I am a problem solver. People like me are generally ignored. That’s OK. We do not expect immediate gratification. We have often been there and done that. The problem I set myself to solve was that of dying Christianity. Not to mention dying philosophy and dying politics. The whole world is not dead everywhere but it is definitely terminal in what we used to call the West.
That would be Europe and the Americas. But I would not eliminate most of the rest of the world also. Anywhere where the force of secularity and the whiff of Triadic thinking penetrates is a good candidate for the atrophy of religion.
What are the signs?
Signs that religion is dying are two-fold. There are death throes. Fundamentalisms of all sorts are desperate efforts to hang on and they will fail as new generations rebel against the small-minded cruelties that result from this mentality.

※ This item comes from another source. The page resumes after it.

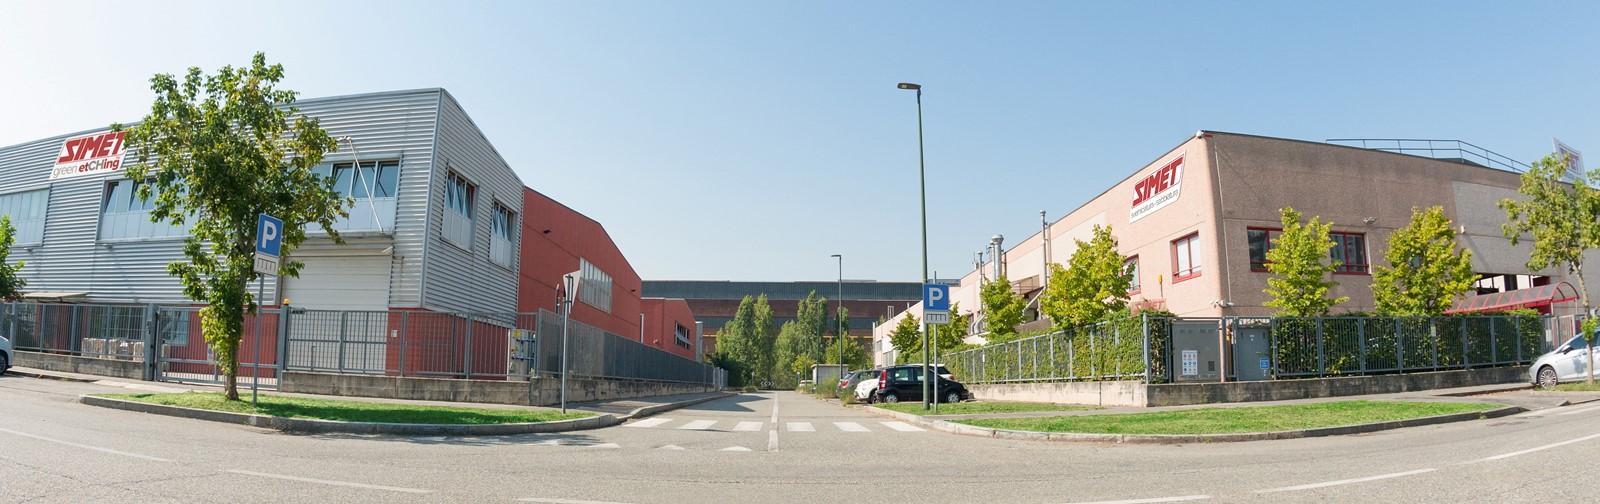 Simet - via Feroggio 21 e 29/A

Then there is simple atrophy. Emptying pews. Seminaries on the ropes. The tendency to look to movements outside the church to buttress morale and provide a sort of objective correlative to validate their existence.
Validation
But it is precisely validation that is Christianity’s problem. As sage observers long ago concluded, the compromise that resulted in the union of church and empire meant that Christianity, reformed or not, swallowed the official creedal package, triumphalism and all.
In the last century, a small movement developed to argue that Jesus had little to do with the institution that we inherited. But they were mostly in the institution and dependent on it for support. It took being outside to realize the world of Christianity – the organized church – is exactly that, a world. When you are outside it does not exist.
Recovery
Nonetheless, values, philosophically, are real, which means they are universal. That means that what Jesus actually accomplished, despite the sins of Christianity, survives. But it only survives when the organized religion of all stripes is delegated to the ash heap of history. The values of Jesus can be inferred to be tolerance, helpfulness, and democracy.
These are the engines of progress.
I solve the problem of the death of religion by championing what I call Abba’s Way. Others do the same. The world is filled with folks who understand completely when we say the way is both easy and hard. We know that Abba exists as the one Jesus prayed to and that he is no respecter of persons. We know that in addition to the values I have named, the most important value of al is non-idolatry. Having no earthly gods. Most people worship earthly gods of some sort.
Abba’s Way embraces pragmaticism and is itself the basis for triadic philosophy. The ethics which lies at the center of the daily discipline of triadic thinking are the values I have named. Cybercommunities are a way of thinking about a world that could work for all people. I spend the remaining years I may have to try to put this all together until someone says, “Aha.”